British military historian (1928–2005)

Roger A. Freeman (11 May 1928 – 7 October 2005) was a British military aviation historian specialising in US Eighth Air Force operations during World War II. Osprey described him as "undoubtedly the most published author on the Eighth Air Force,"

== Early life ==
Born in Ipswich, Suffolk, Freeman grew up on the family farm in Dedham, Essex. In 1943, Martin B-26 Marauder bombers of the US Eighth Air Force’s 386th Bomb Group arrived at Boxted airfield – less than two miles away – sparking Freeman's interest with the wartime US Army Air Forces operating from Britain. When his father was granted permission to cut the airfield’s grass for haymaking, the young Freeman made the most of opportunities to examine the aircraft and befriend personnel on the base – later tenants of which included the 354th Fighter Group of the Ninth Air Force; and the Eighth Air Force’s 56th Fighter Group which, flying Republic P-47 Thunderbolts, became the highest-scoring USAAF group in the European theatre.

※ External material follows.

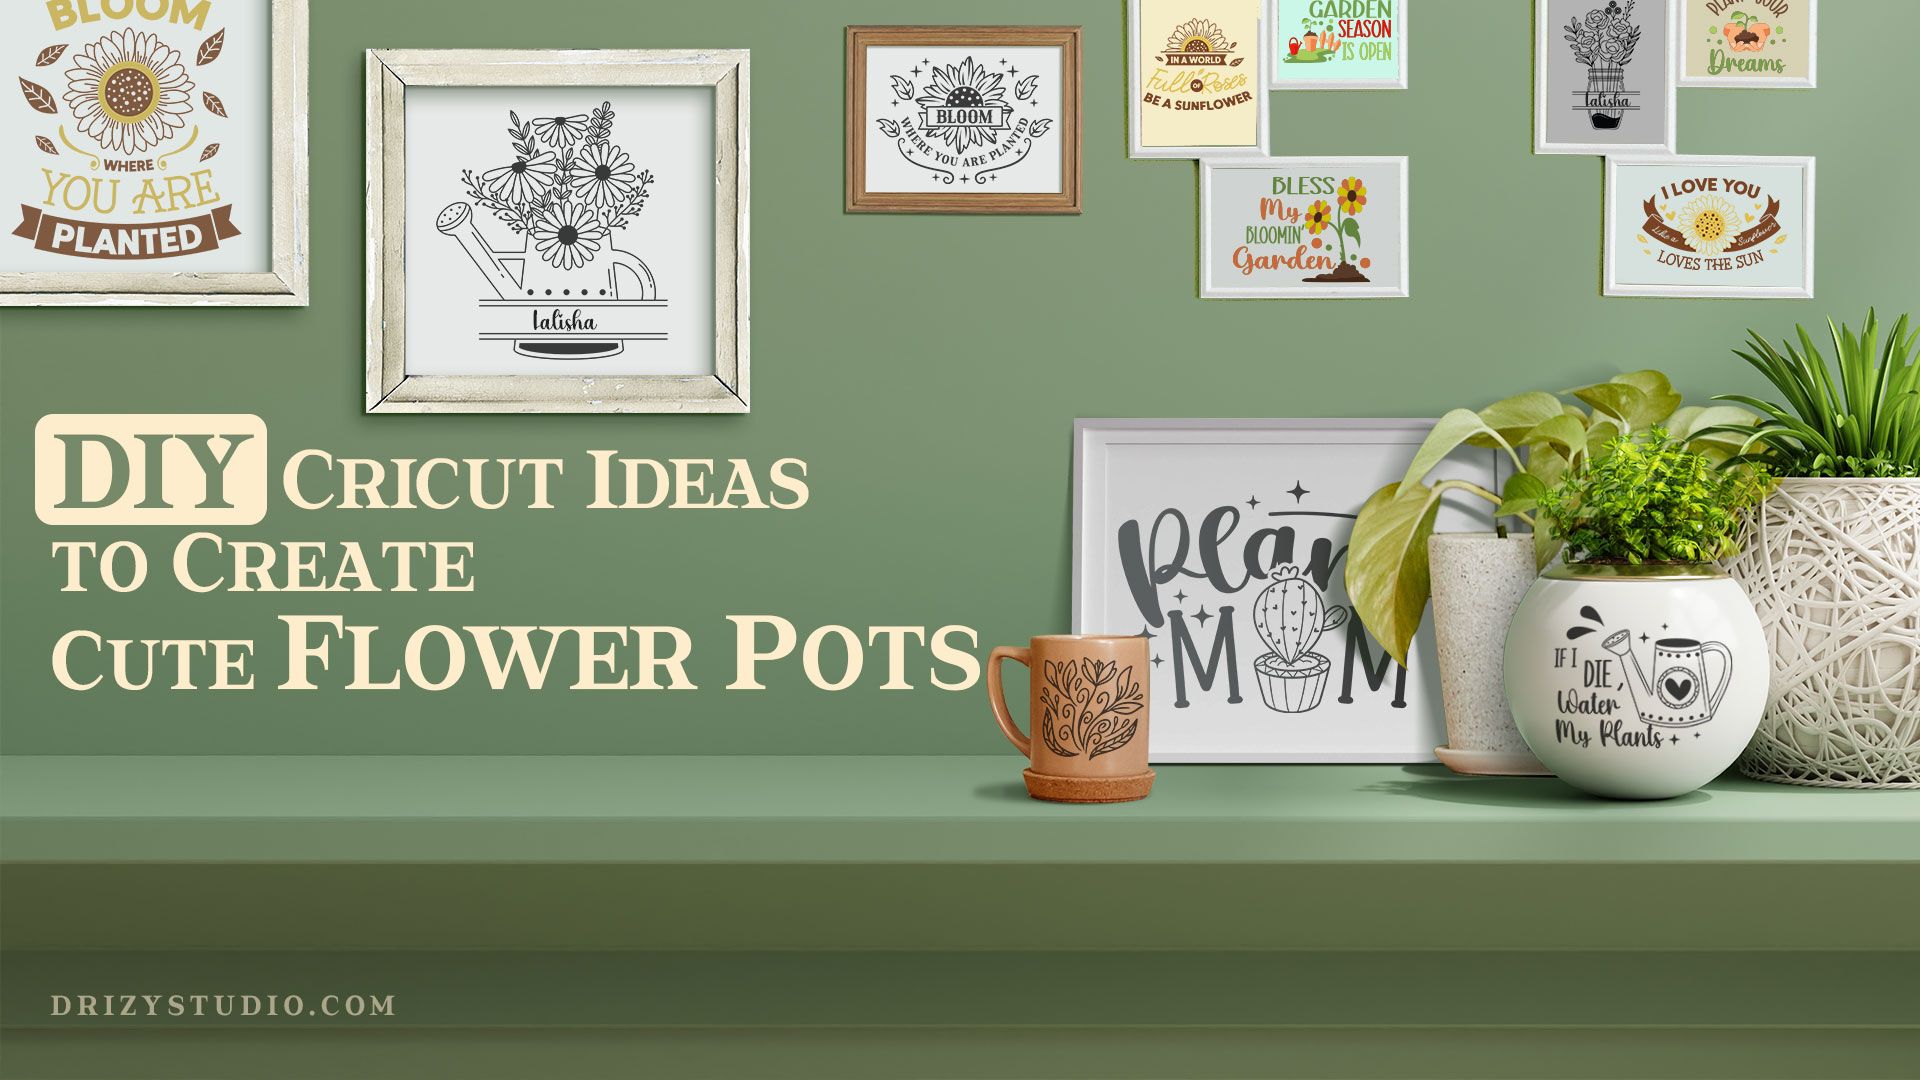 DIY Cricut Ideas to Create Cute Flower Pots cover

The teenage Freeman also took bicycle rides to see other airfields in the East Anglian counties of Essex, Cambridgeshire, Suffolk and Norfolk, and collated aircraft identification numbers – a hobby that once led to a security alert and a warning from his headmaster at Colchester High School.

== Works ==
Freeman recalled a sight in February 1945, the sheer scale of which set him on a course to writing a book about the US Eighth Air Force. "It was a freezing morning with excellent visibility. Two columns of bombers were going out, one overhead [Dedham] and the other over Suffolk, which I could see by the contrails. I counted 28 formations, and knew there’d be about 40 planes in each. So I was looking at more than 1,000 planes – 10,000 men – going to war." Formed in 1942, the Eighth Air Force could muster more than 3,000 bombers and fighters by 1944, and operated from some 60 airfields in what Freeman called the "greater East Anglia area" of Britain.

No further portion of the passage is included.